Detailed Description

OBJECTIVES:

Primary

• To measure the level of diindolylmethane in prostate tissue after treatment with oral microencapsulated diindolylmethane (B-DIM) in patients with stage I or II adenocarcinoma of the prostate undergoing radical prostatectomy.

Secondary

• To measure serum biomarkers (e.g., total PSA, serum testosterone, and diindolylmethane levels) pre- and post-treatment with B-DIM.
• To measure tissue biomarkers (e.g., androgen receptor, NF-κB, and PSA) pre- and post-treatment with B-DIM.

OUTLINE: This is a multicenter study.

Patients receive oral microencapsulated diindolylmethane (B-DIM) twice daily for 14-72 days in the absence of disease progression or unacceptable toxicity. Patients then undergo radical prostatectomy 1 day after the last dose of B-DIM.

Patients undergo blood and tissue sample collection for correlative laboratory studies. Blood samples are analyzed for serum PSA, testosterone, and diindolylmethane levels by high performance liquid chromatography and tandem mass spectrometry (LC-MS/MS). Tissue samples are analyzed for diindolylmethane concentration by LC-MS/MS and for androgen receptor, activated NF-κB (p65 antibody), and PSA expression by IHC.

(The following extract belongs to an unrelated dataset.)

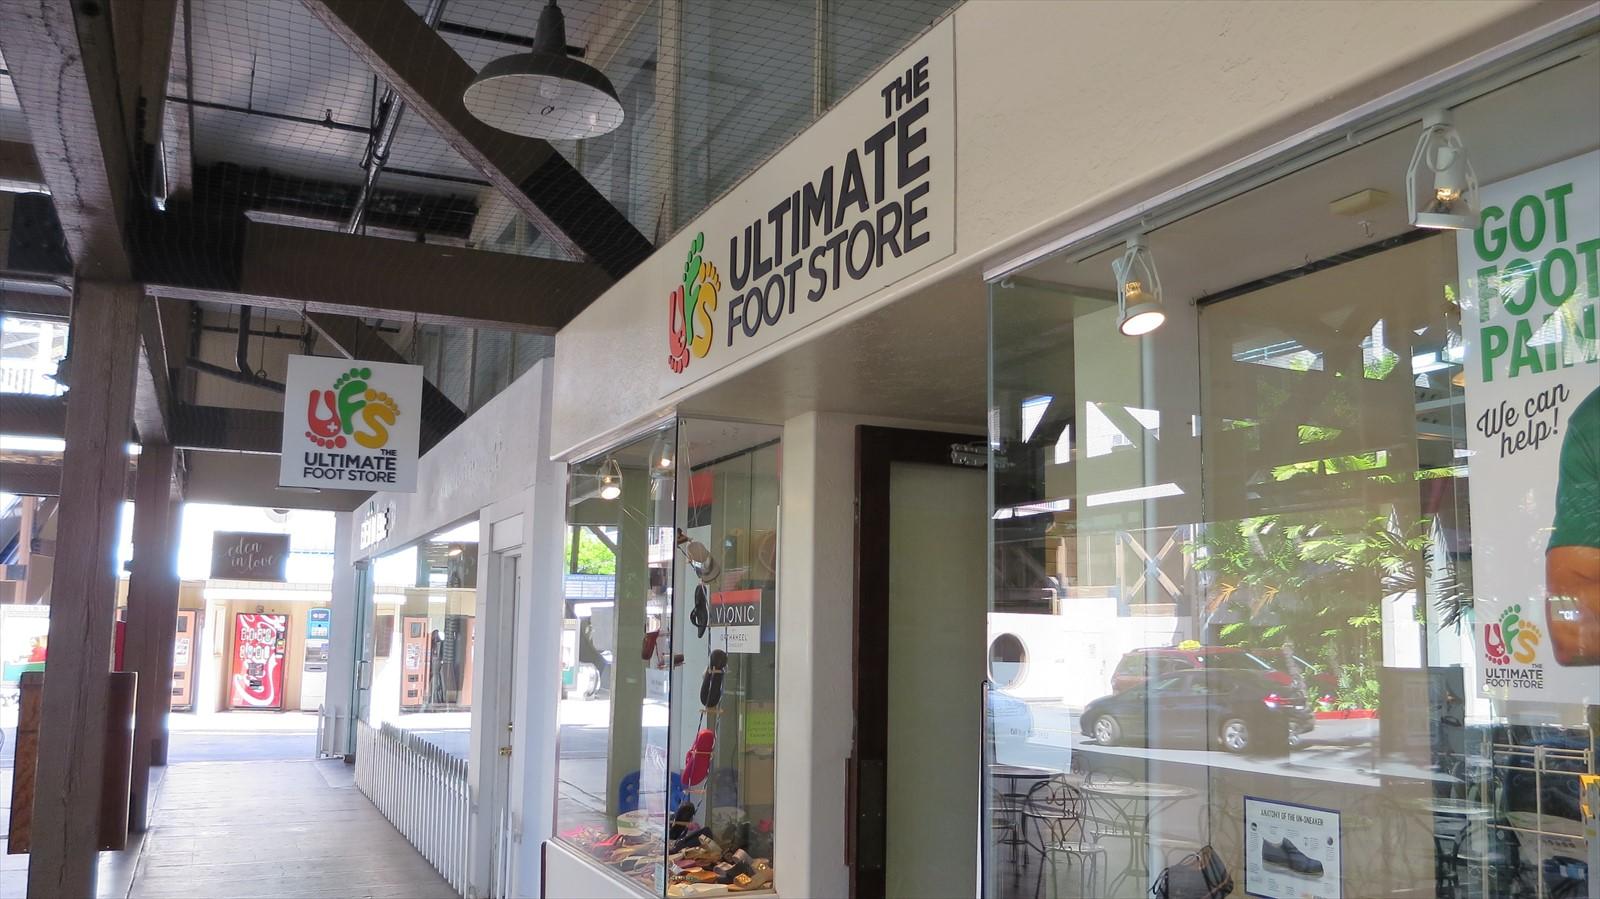 【閉店】まちの靴屋さんでサンダルゲット!The Ultimate Foot store@Ward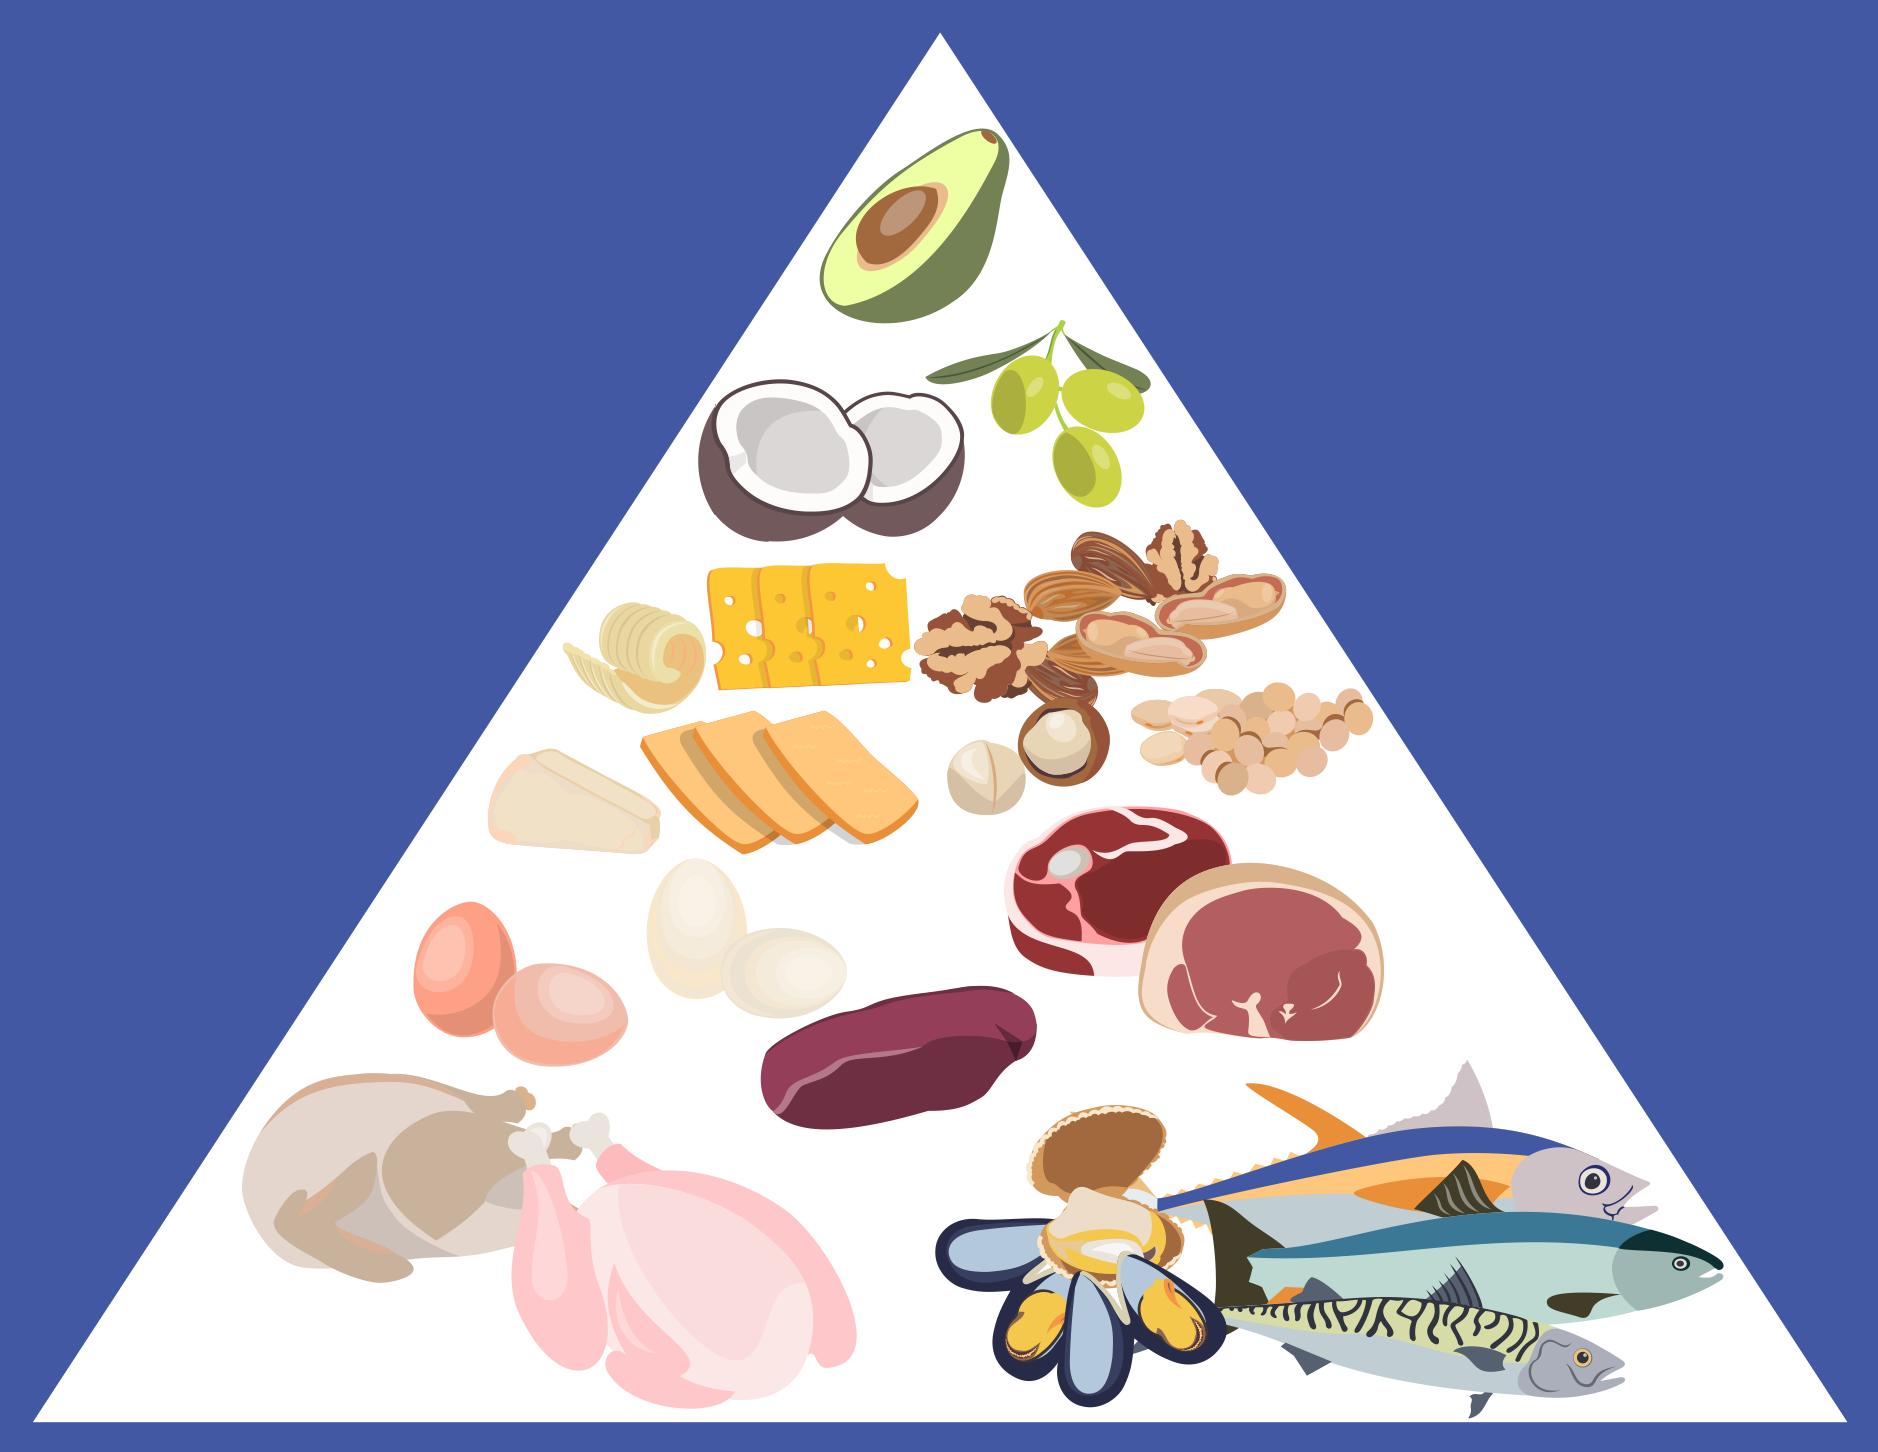 Health Food — Fat Food

• Study Type: Interventional
• Enrollment (Actual): 41
• Phase: Phase 2

Contacts and Locations

Study Locations

• United States
  • Michigan
    • Detroit, Michigan, United States, 48202
      • Josephine Ford Cancer Center at Henry Ford Hospital
    • Detroit, Michigan, United States, 48201-1379
      • Barbara Ann Karmanos Cancer Institute

Participation Criteria

Eligibility Criteria

• Ages Eligible for Study: 18 years to 120 years (ADULT, OLDER_ADULT)
• Accepts Healthy Volunteers: No
• Genders Eligible for Study: Male

Description

DISEASE CHARACTERISTICS:

• Histologically or cytologically confirmed adenocarcinoma of the prostate

  • Stage I or II (T1-T2 a, b, or c) disease
  • Disease confined to the prostate by clinical judgment of the surgeon
• Deemed an appropriate candidate for surgery by clinical judgment of the surgeon

PATIENT CHARACTERISTICS:

• ECOG performance status 0-2
• ANC ≥ 1,500/mm³
• Platelet count ≥ 100,000/mm³
• Hemoglobin ≥ 8.0 g/dL
• Total bilirubin ≤ 1.5 times upper limit of normal (ULN)
• AST and/or ALT ≤ 2.5 times ULN if alkaline phosphatase normal OR alkaline phosphatase ≤ 4 times ULN if AST and/or ALT normal
• Serum creatinine ≤ 2.0 mg/dL
• No history of allergic reactions attributed to compounds of similar chemical or biological composition to oral microencapsulated diindolylmethane

• No concurrent uncontrolled illness including, but not limited to, any of the following:

  • Ongoing or active infection
  • Symptomatic congestive hart failure
  • Unstable angina pectoris
  • Cardiac arrhythmia
  • Psychiatric illness or social situation that would limit compliance with study requirements

PRIOR CONCURRENT THERAPY:

• No prior chemotherapy, hormonal therapy, brachytherapy, cryotherapy, external beam radiotherapy, or other therapy for prostate cancer
• No concurrent micronutrient supplements or dietary soy products
• No concurrent systemic therapy for any other cancer
• No concurrent p450 inducers or inhibitors (e.g., carbamazepine, clarithromycin, fluconazole, fosphenytoin, itraconazole, ketoconazole, phenobarbital, phenytoin, rifabutin, or rifampin)
• No concurrent finasteride or dutasteride
• No other concurrent investigational or commercial agents or therapies for the malignancy

Study Plan

How is the study designed?

Design Details

• Primary Purpose: TREATMENT
• Allocation: NA
• Interventional Model: SINGLE_GROUP
• Masking: NONE

Number of Arms

1

Arms and Interventions

Participant Group / Arm	Intervention / Treatment
EXPERIMENTAL: B-Dim, Radical Prosatectomy; B-DIM 225 mg orally twice daily x 14-72 days (based on scheduling of surgery) Radical Prostatectomy	Drug: B-Dim; B-DIM 225 mg orally twice daily x 14-72 days (based on scheduling of surgery); Other Names: 3,3'-Diindolylmethane; Procedure: Radical Prosatectomy; Other Names: therapeutic conventional surgery

What is the study measuring?

Primary Outcome Measures

Outcome Measure	Time Frame
Mean Level of Diindolylmethane in Prostate Tissue After Treatment	Within the first 24 months after radical prostatectomy.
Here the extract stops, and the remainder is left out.